For those of you still not convinced, I should not fail to mention that of the four Alien and Sedition Acts, three were either allowed to expire or were repealed just a few short years later as soon as the Democratic-Republican Party gained control of Congress and the White House. The one that was not? You guessed it— the Alien Enemies Act. The Act that gave the president unchecked power to deport any alien deemed dangerous at any time was allowed to expire, while the Act that allowed the president to deport aliens allied with a hostile foreign government during times of war or hostilities was allowed to remain. If you are looking for any evidence that the Alien Enemies Act imposes qualifications on the president’s ability to order deportations, there you have it.
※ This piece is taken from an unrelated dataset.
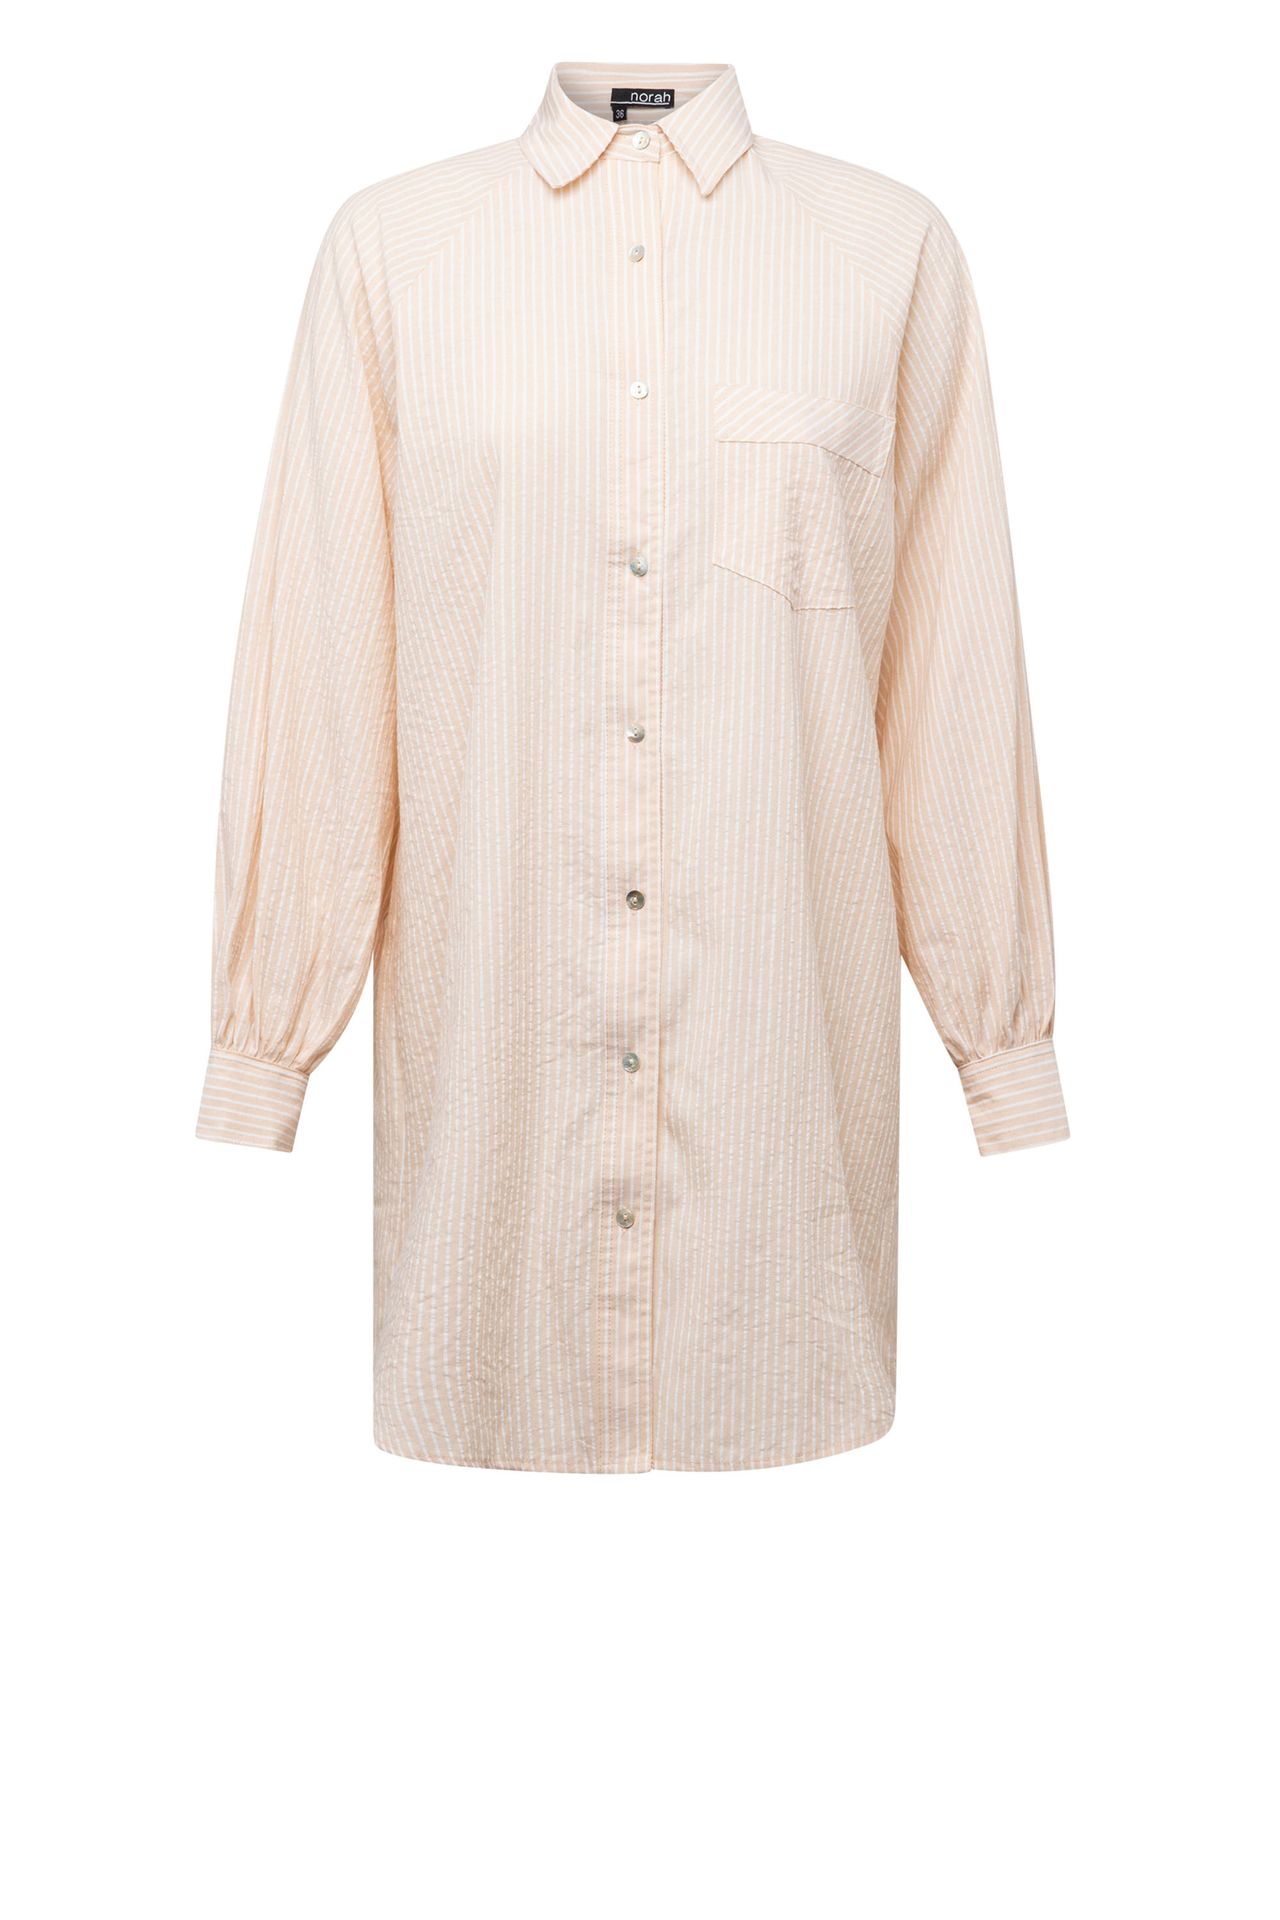 Norah Beige lange blouse met pofmouwen sand 213688-110

The Brennan Center is absolutely right—the president has “falsely claimed an invasion.” There are too many examples of the Trump Administration deliberately misinterpreting or misapplying laws to further its own ends. It is no surprise that they are doing the same here. Like so many actions of this administration, this too is likely to end up in front of the Supreme Court. Considering the oft-stated judicial philosophies of textualism and originalism espoused by the members of the conservative bloc of SCOTUS (that the plain text of a law and the original intent of those who passed the law should be the most significant- possibly only- factors deciding a case), the case could not be any more clear that the Alien Enemies Act simply does not give Trump the powers to do what he says it does. But we also know that Republican partisans in the Age of Trump, and that certainly includes several justices of the Supreme Court, are not honest actors. They will twist laws to mean what they want them to mean, so they can do as it suits them. I imagine that, when this comes before the Supreme Court, the outcome will hinge upon Trump’s declaration that we are being invaded by hostile powers (when in fact, the migrants coming into the United States are generally fleeing their country of origin). SCOTUS will declare that the president gets to make that determination, and that therefore he can legally deport anyone he pleases.
As the days go by, and the egregious acts of this administration continue to pile up, it is getting harder and harder to grasp for optimism, knowing that we are right, but failing nonetheless.